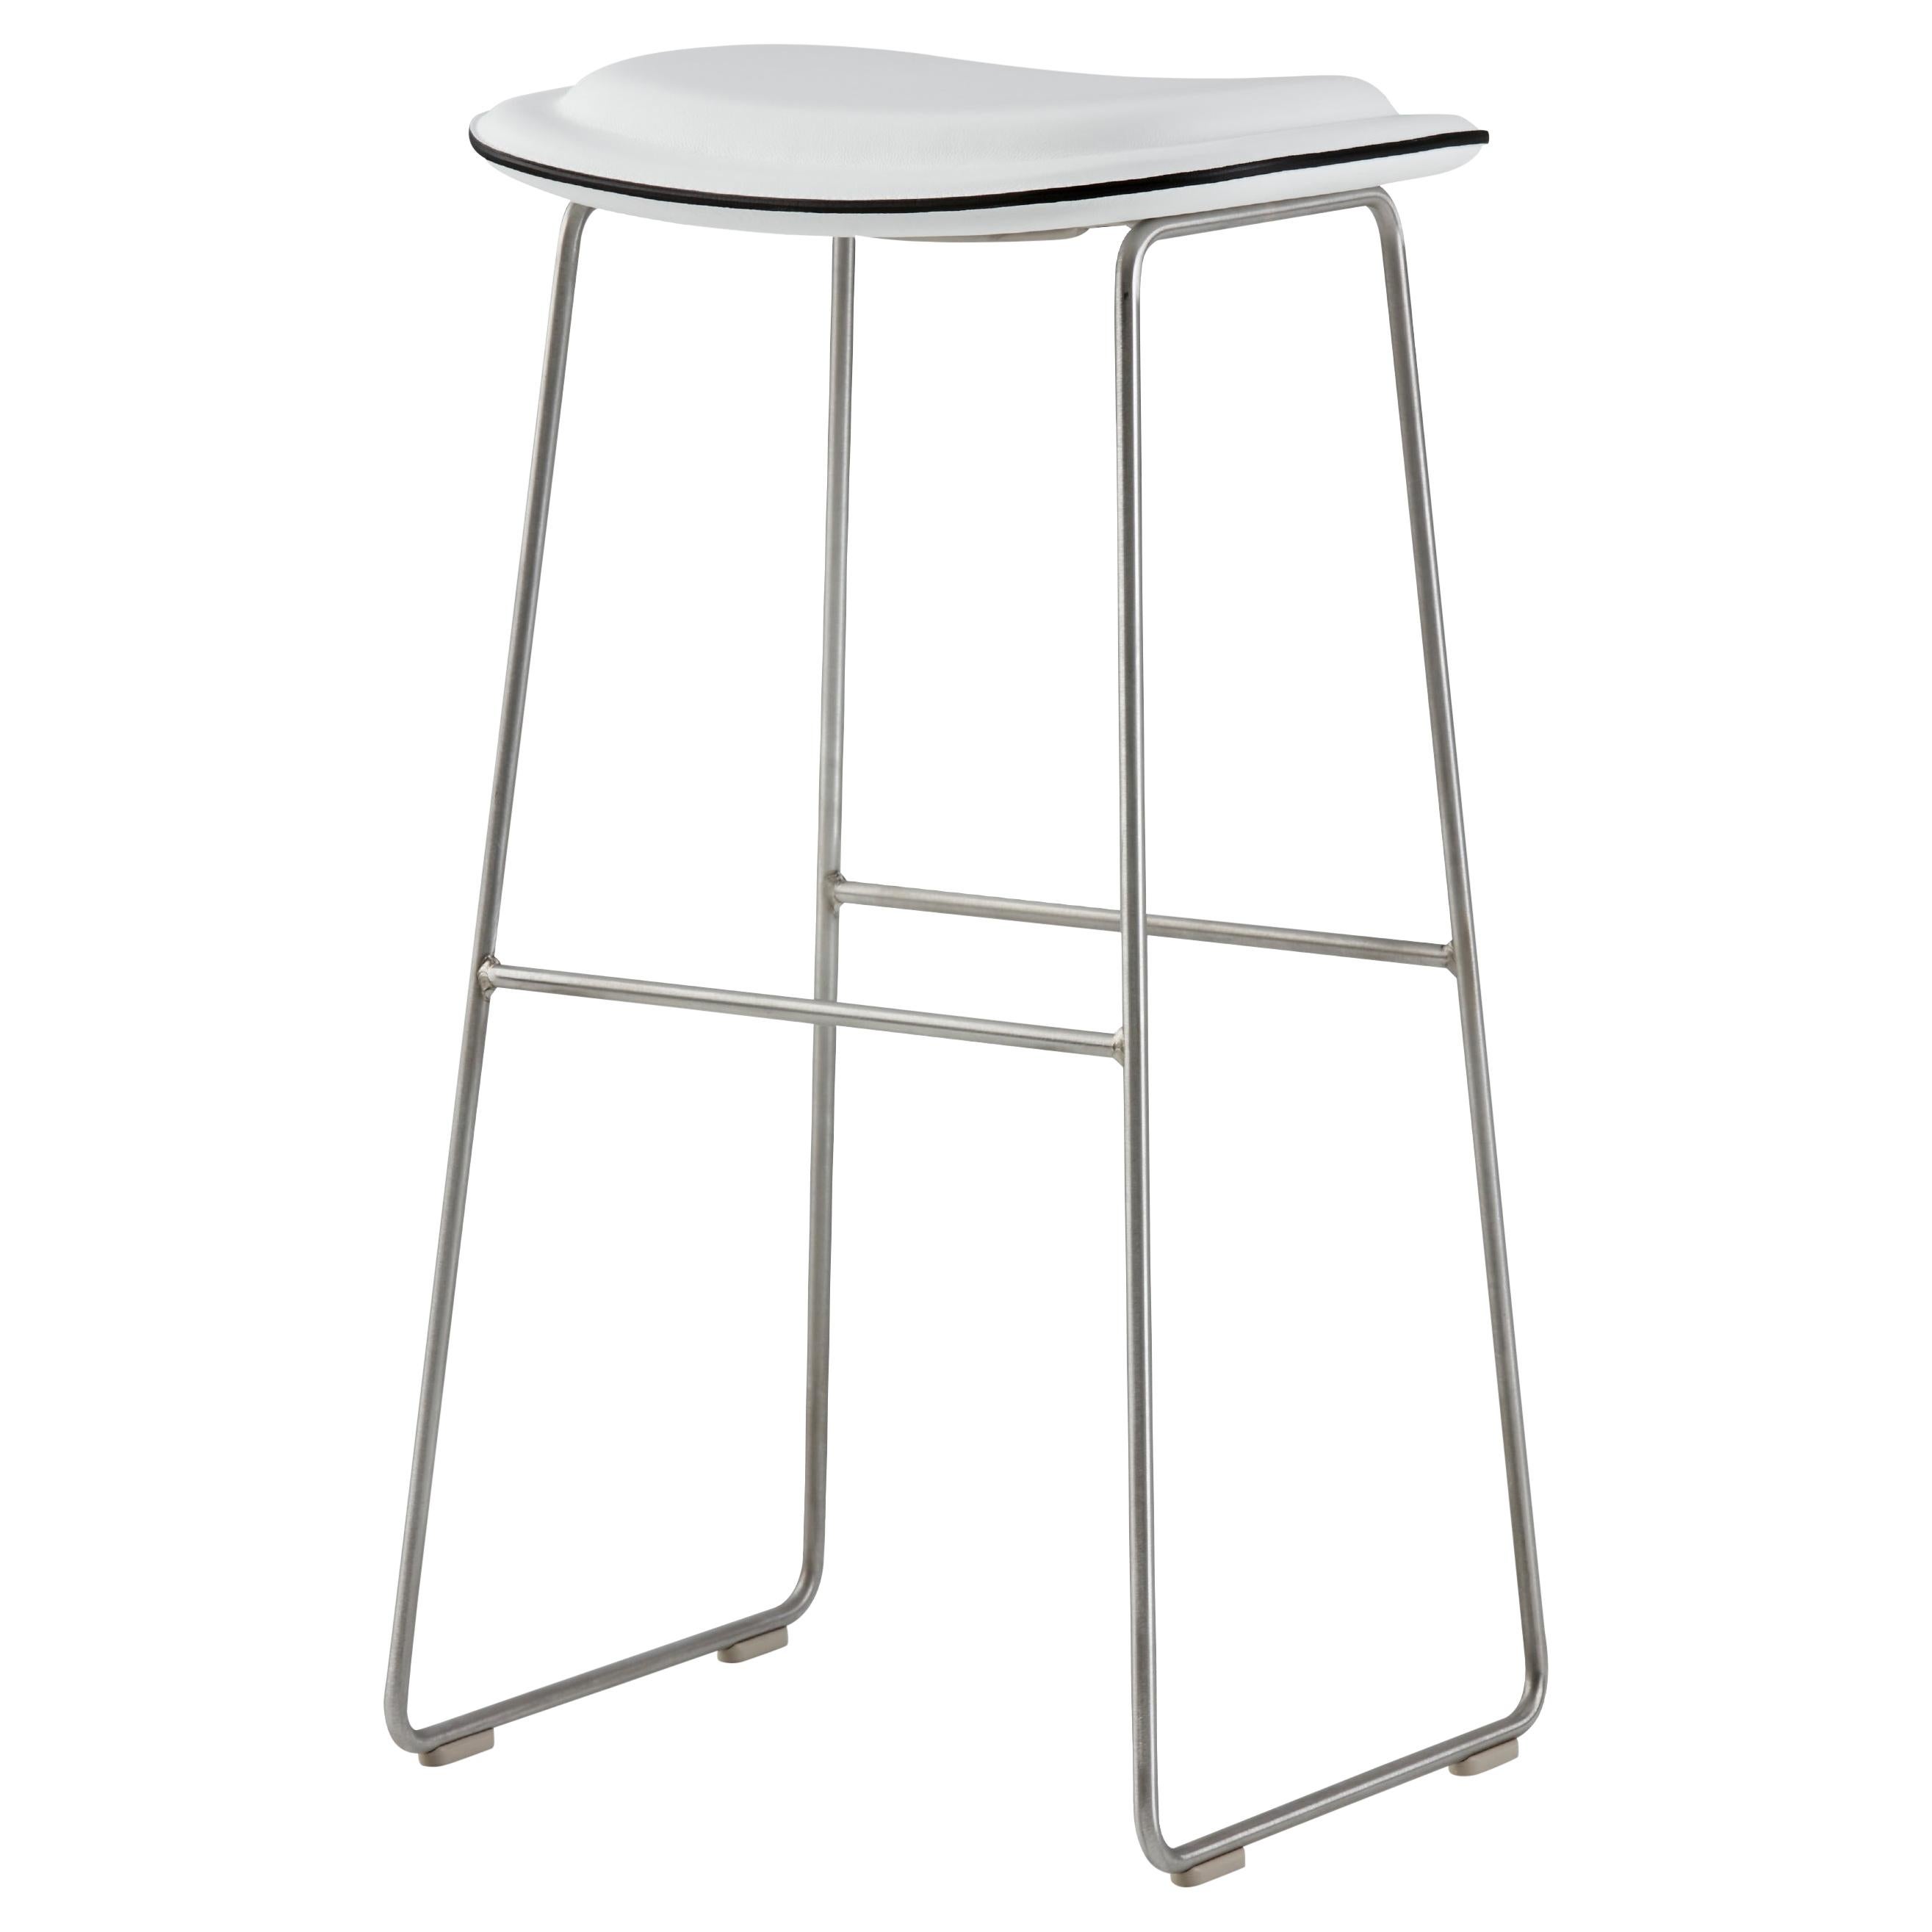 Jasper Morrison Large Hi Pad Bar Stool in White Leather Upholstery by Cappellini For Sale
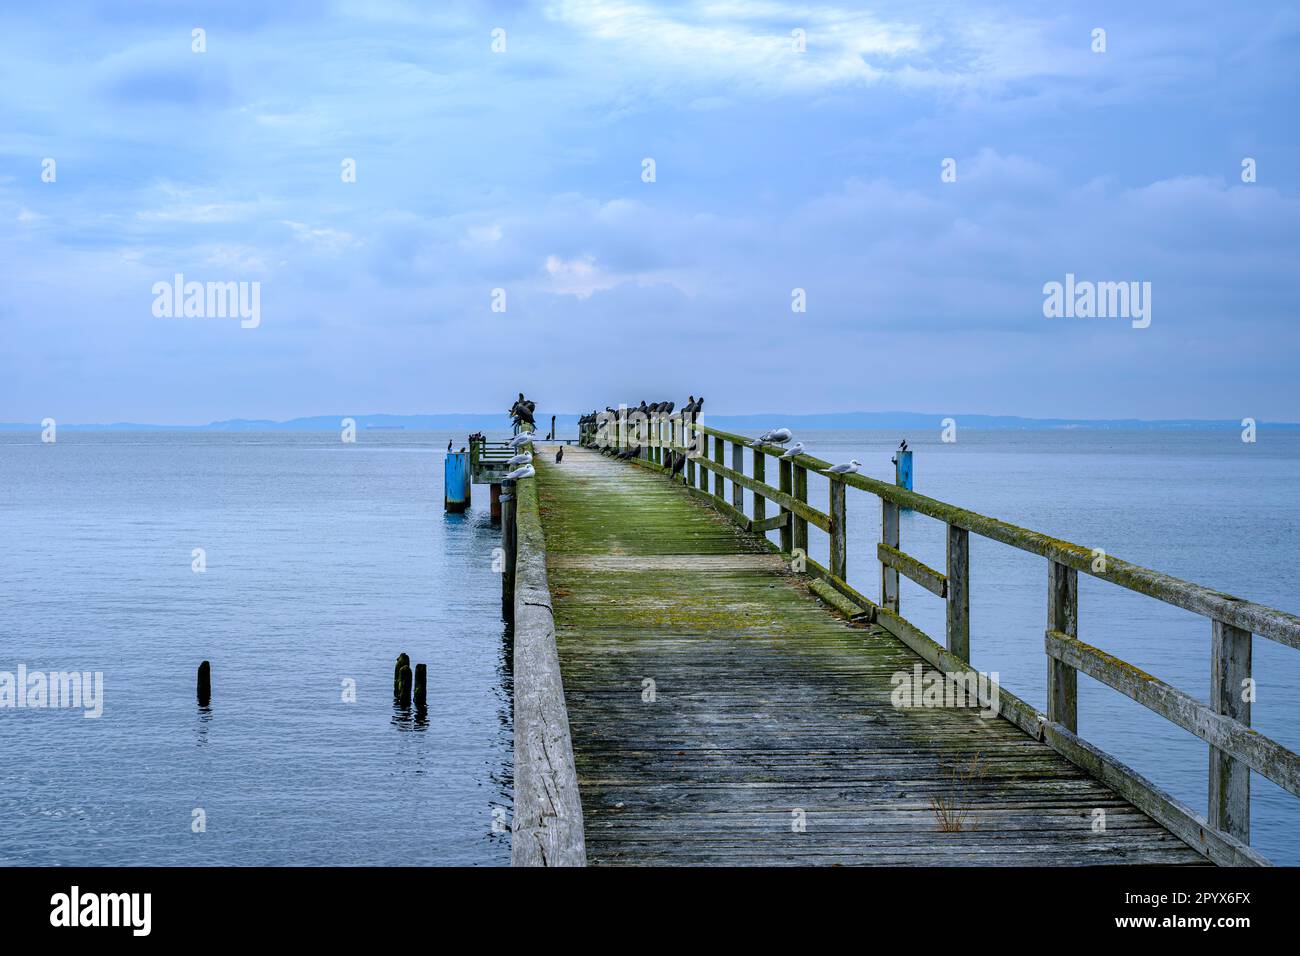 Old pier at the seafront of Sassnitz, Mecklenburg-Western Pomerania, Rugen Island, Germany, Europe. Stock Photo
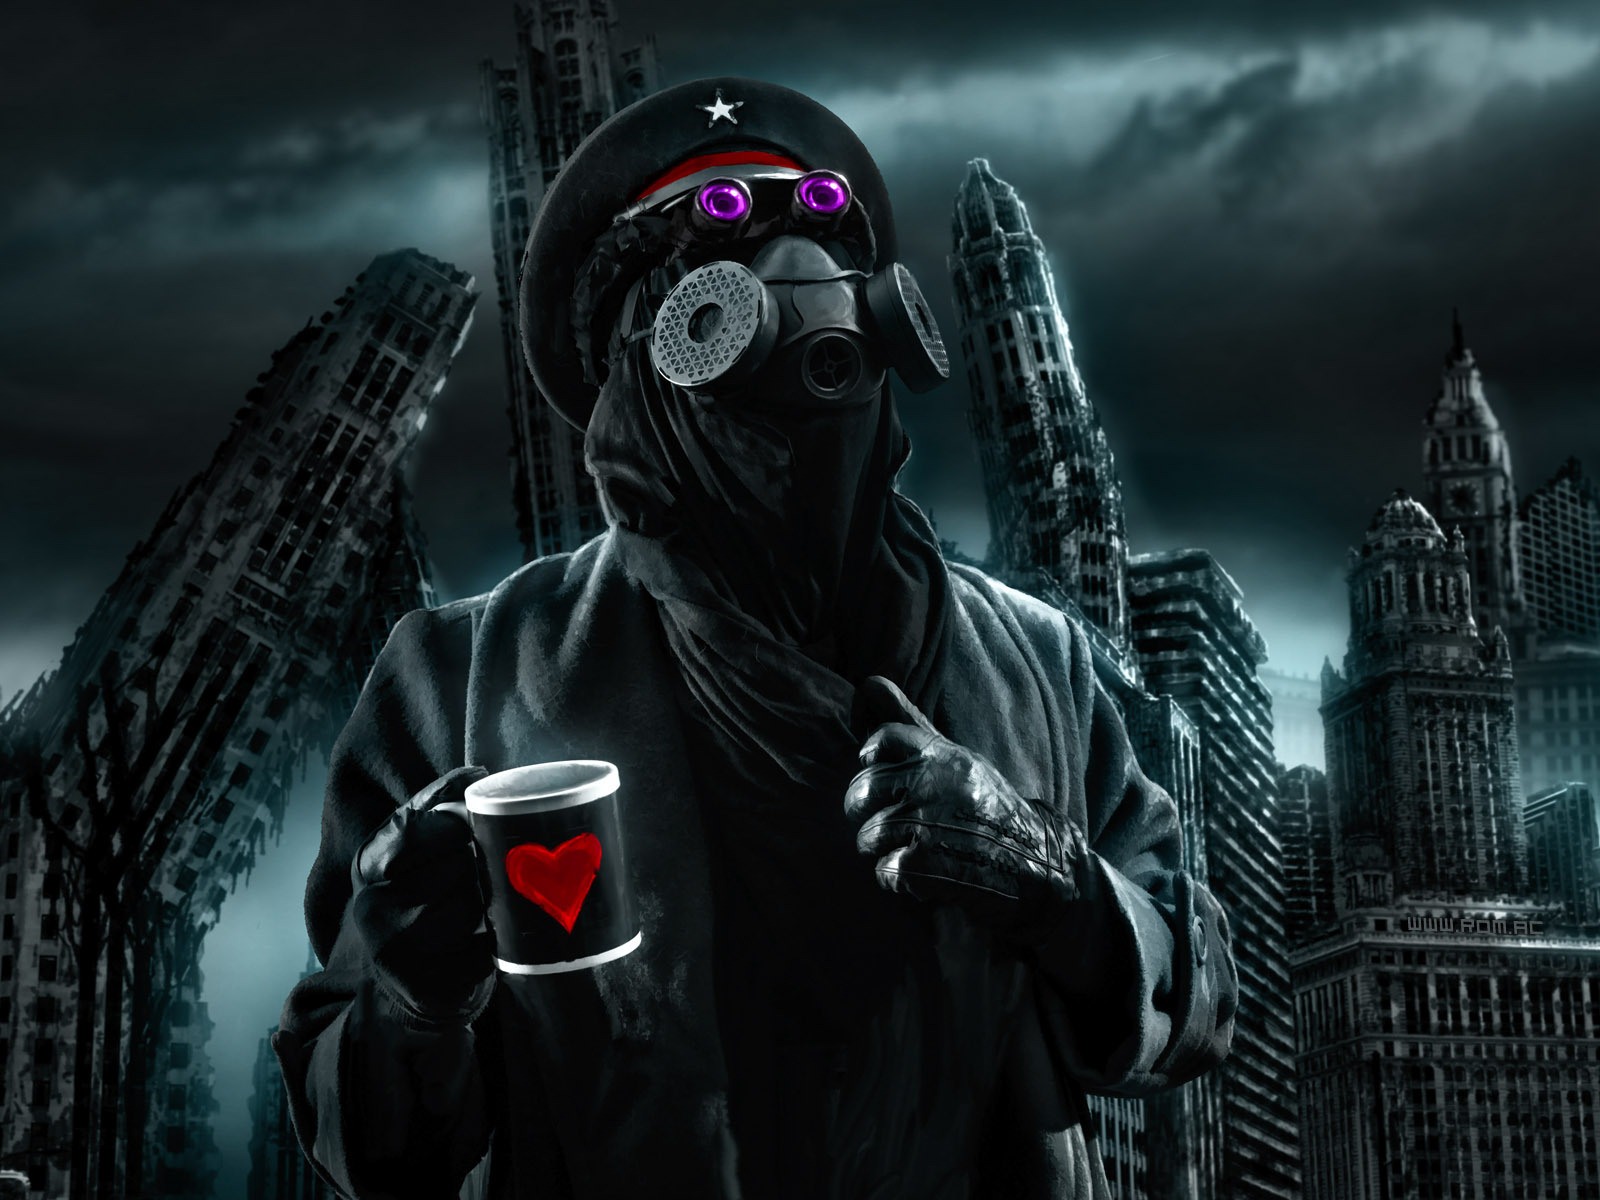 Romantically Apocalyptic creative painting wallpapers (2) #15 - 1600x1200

#### [Activity]
Set down the line containing "Old pier at" and every line after it up to the end of the material, exactly as written, but not the pictures.

#### [Response to the task]
 Old pier at the seafront of Sassnitz, Mecklenburg-Western Pomerania, Rugen Island, Germany, Europe. Stock Photo
 Romantically Apocalyptic creative painting wallpapers (2) #15 - 1600x1200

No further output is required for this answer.